In-motion weighing helps scrap handlers improve loading at Calgary Metal Recycling
Swedish-built wireless grapple scale provides better way to load rail cars
Calgary Metal Recycling Inc. has more than 85 years experience in processing scrap metals. Still, an efficient way to fill open-top gondolas (rail cars) accurately had been a persistent challenge. In 2012, the company went looking for a better way to get the job done.
“Without having a rail scale, it’s been kind of tough,” says Steve Goodzeck, Calgary Metal Recycling. “We have a bucket-scale loader, but most of the material is not easy to handle with a loader. Before, when we were loading the HMS (heavy melting scrap) the loader couldn’t just go into a pile. One machine would load the bucket, the loader would pull the weight and dump it into a train car, then another machine would have to level the train car and spread the material around.”
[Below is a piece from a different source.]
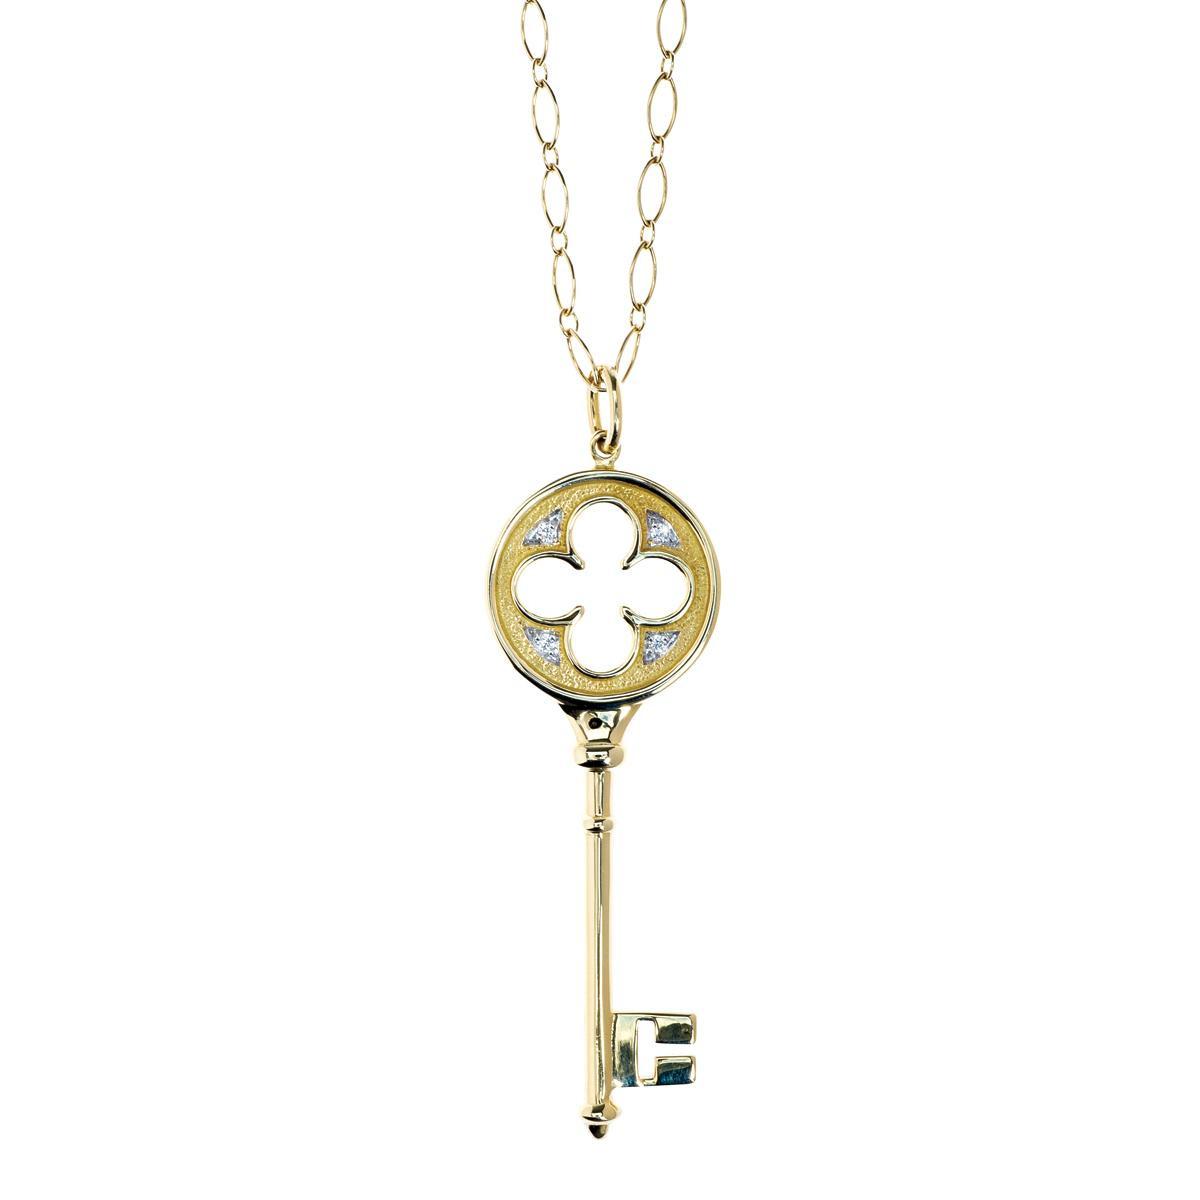 Tiffany And Co Necklace Key
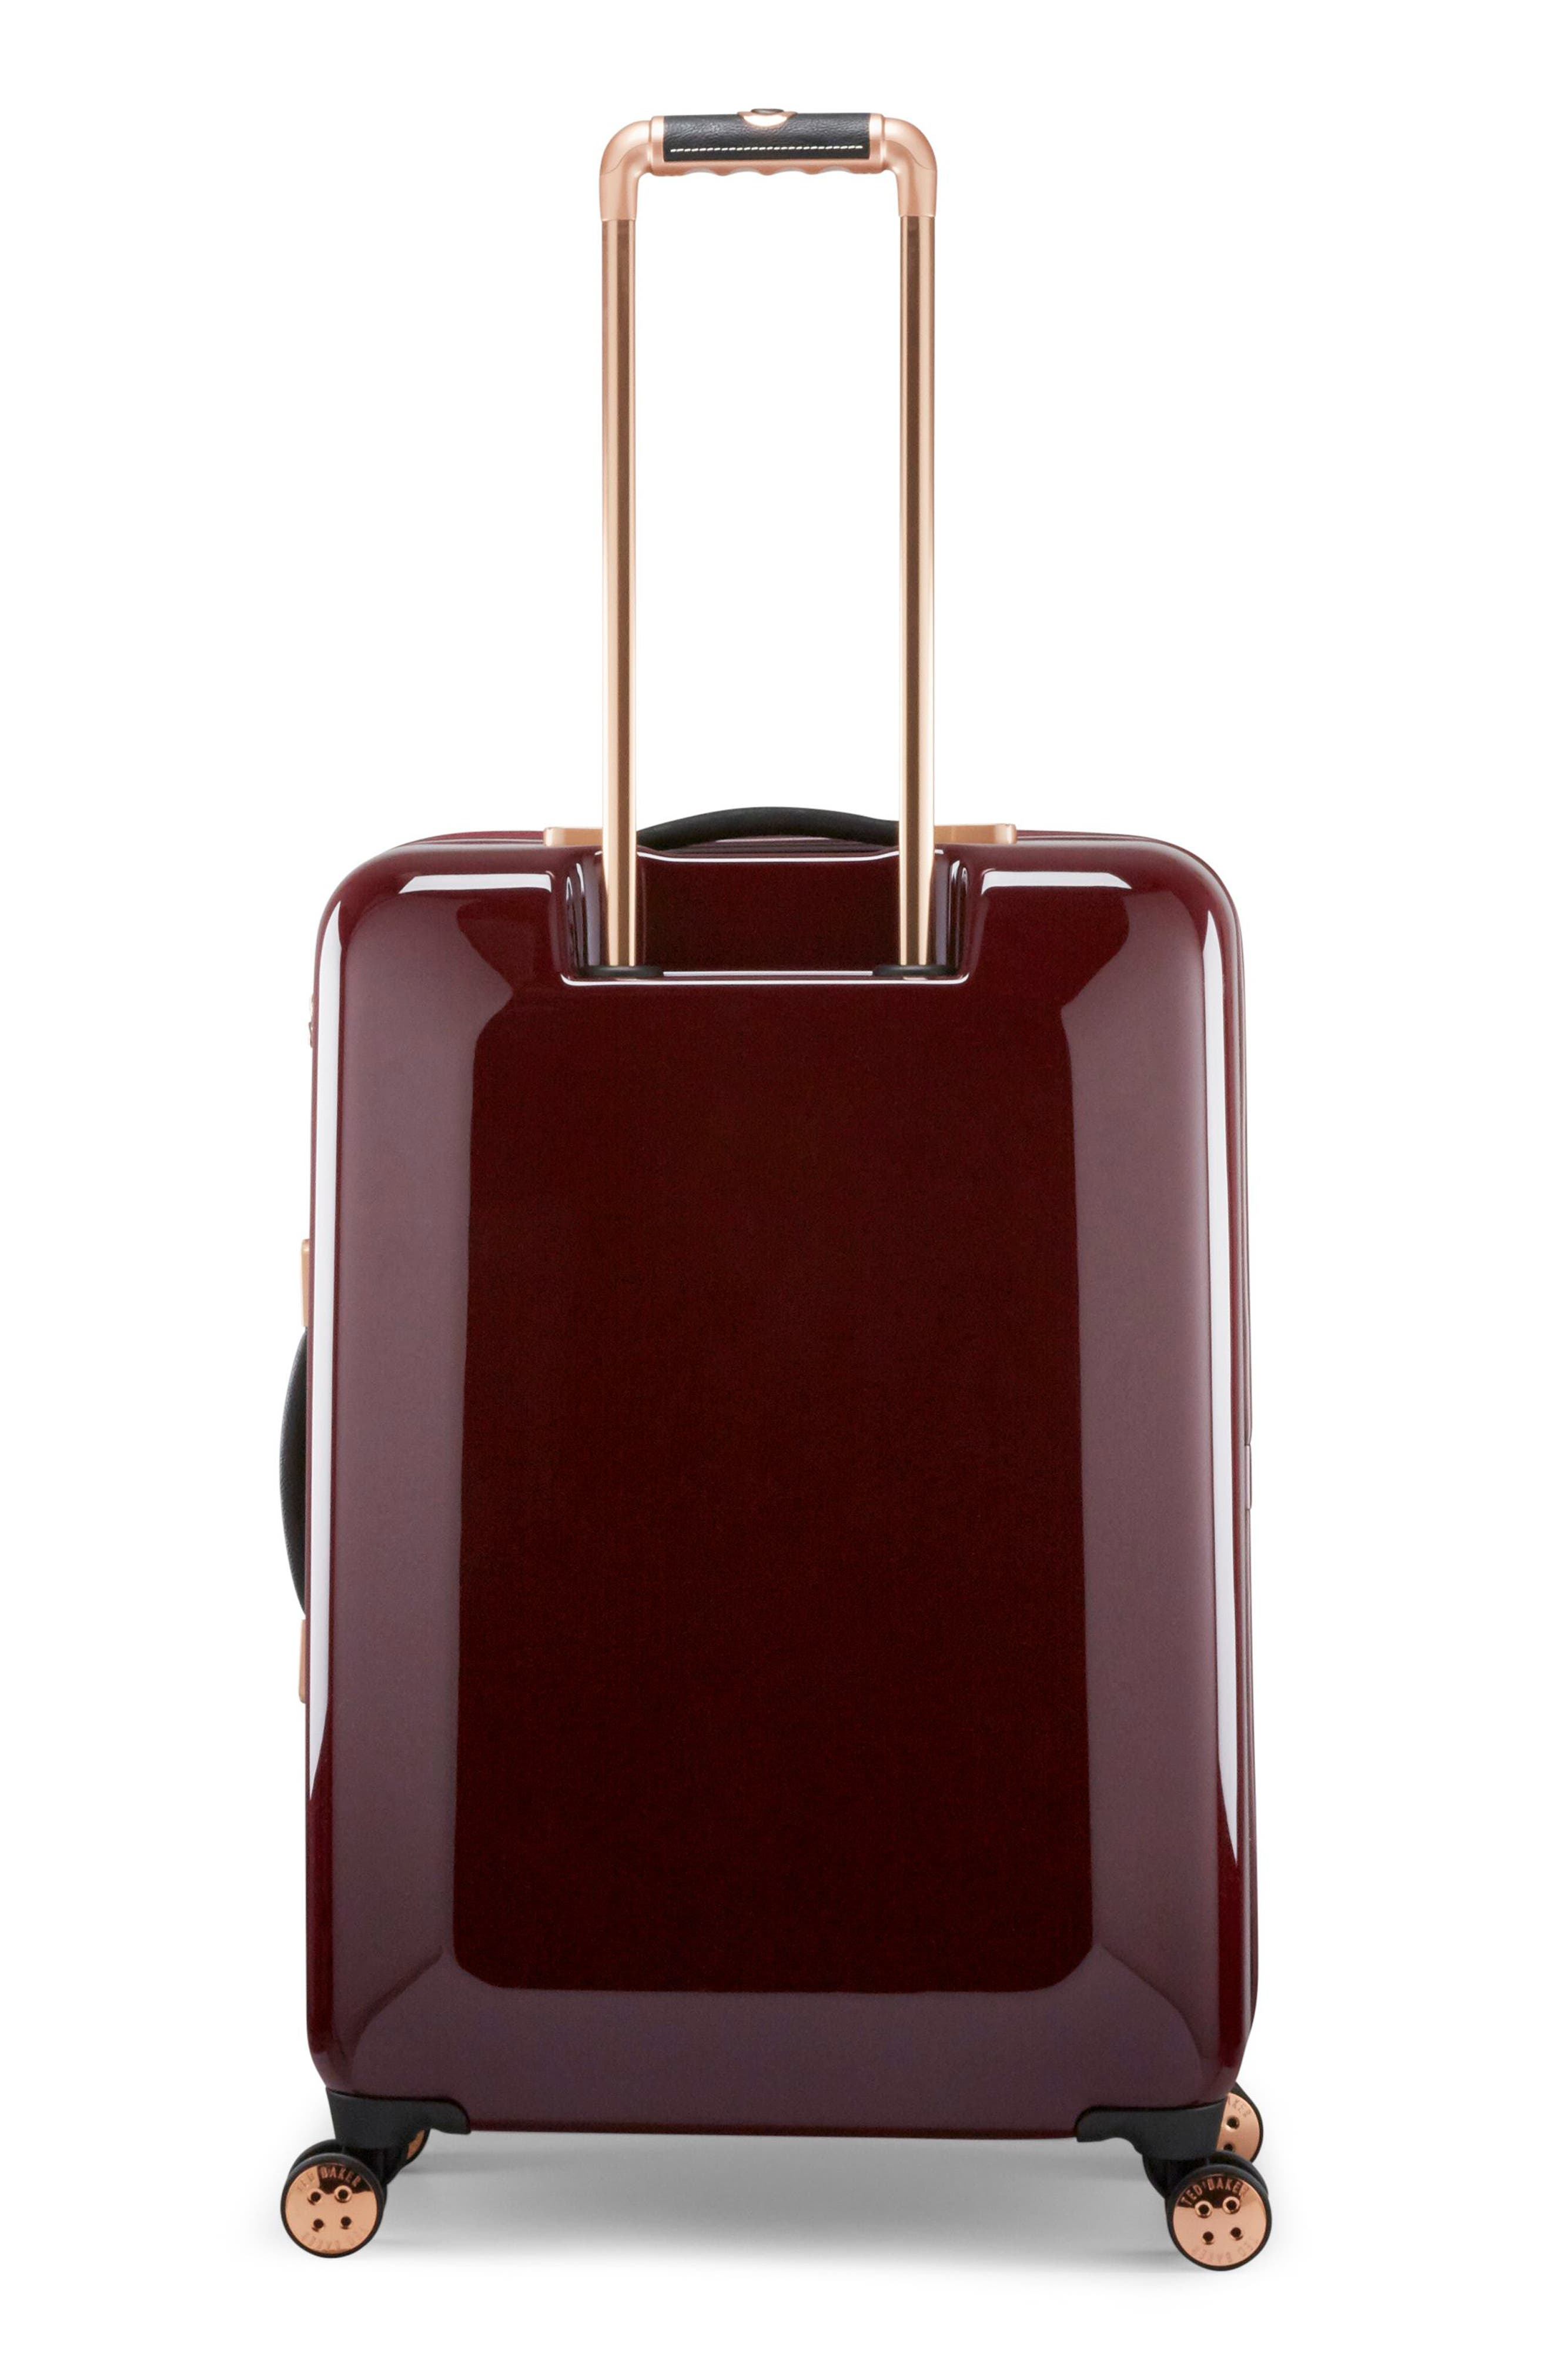 Medium Porcelain Rose 27-Inch Hard Shell Spinner Suitcase,                             Alternate thumbnail 4, color,                             930

“Now, we’ve eliminated two-thirds of that job,” he says.
The improved loading at Calgary Metal Recycling came in the form of a new wireless grapple scale manufactured in Sweden by Intermercato and marketed in North America by RMT Equipment.
The Intermercato XW scale utilizes a strain gauge system that allows in-motion weighing, without requiring the machine to pause in its loading cycle to record the load’s weight.
“It has sped up our shipping, there’s no doubt about it,” Goodzeck says. “We’re shipping out cars faster and the weights are coming back accurately. It’s wonderful. We know what we’re shipping and we’re maximizing the rail car’s capacity. That means we are also maximizing the profitability of the load. It’s probably letting us fill two-and-a-half times the number of cars in a day, and we’re getting the right weights in them.”
Like most recycling businesses that ship by rail, Calgary Metal Recycling often faced penalties and added costs caused by inaccurate loading.
“We don’t want to be under-loaded, because then we’re paying more per ton,” explains Goodzeck. “But if we are overloaded, they pull the car into a siding down the line and you have to send an operator and a machine to go and take material off. And you’re paying demurrage charges on that car while it’s waiting.”
“With this grapple scale, we haven’t had a problem with overloaded cars. We’re shipping the weights we want to get into the car. It depends on the material, of course: some material has less density, but some can easily go over, especially shred and heavy HMS. And when you do, it’s costly.”
In 2012, after searching the internet for a grapple scale that could really do the job, Goodzeck learned about the Intermercato scale from a local specialist in productivity equipment, Mountainview Systems.
“The fellows from Mountainview were quite accommodating in helping us get it set up,” Goodzeck reports. “We calibrated the scale once; then they were out again when we were a little bit off in the very beginning. Since then, there’s been no problem. We double-check periodically with check blocks we use on our truck scale.”
Goodzeck says he’s especially pleased that, while the grapple scale is much less costly than the rail scale, it is also very robust.
“I like the fact that it’s all enclosed in a nice tight case. We’ve done things that we wouldn’t recommend doing with any kind of sensitive equipment but it’s stood up.”
The XW scale is installed by simply replacing the yoke of the grapple with the scale itself, which then serves as the coupler. At Calgary Metals, the scale is fitted to a Liebherr Type-75 grapple, operated by a 99,000-pound Link-Belt X2 with a 55-foot Young boom and stick. The company says operators are able to lift, load and spread all sorts of material normally. When they’re not loading rail cars, they can turn to other tasks in the yard such as sweeping with a magnet or off-loading for customers.
“We have three operators using the grapple scale. It required minimal training and we have had good success,” says Goodzeck. “They’re just using the machine as a regular grapple in the yard. There are no signs of any complaints from the scale and we beat on it pretty hard. We also don’t have any wire to contend with or any transmitter problems or anything like that.”
Recently, the scale’s easy installation proved to be an extra benefit when a problem with the X2 handler took it out of service for repairs. The Calgary Metal Recycling crew simply moved the scale and grapple to another Liebherr material handler in the yard.
“It was just six bolts on top and six bolts on the bottom to bolt into the Liebherr grapple, then two wires to connect in the cab. We were able to swap it out in a couple of hours and continue to load rail cars,” says Goodzeck.
“Our goal here is to move as much material as possible, as fast as possible,” he continues. “The fewer times you have to handle it, the better. This grapple scale from RMT has worked wonders for us in solving that problem. We’re doing it faster with less equipment, and we have had no overload problems since we started using it a year ago. One machine can go into the prepared pile, pick it up, weigh it, lay it into the train car, and spread it around. I would say that this piece of equipment has more than paid for itself in the time we’ve had it.”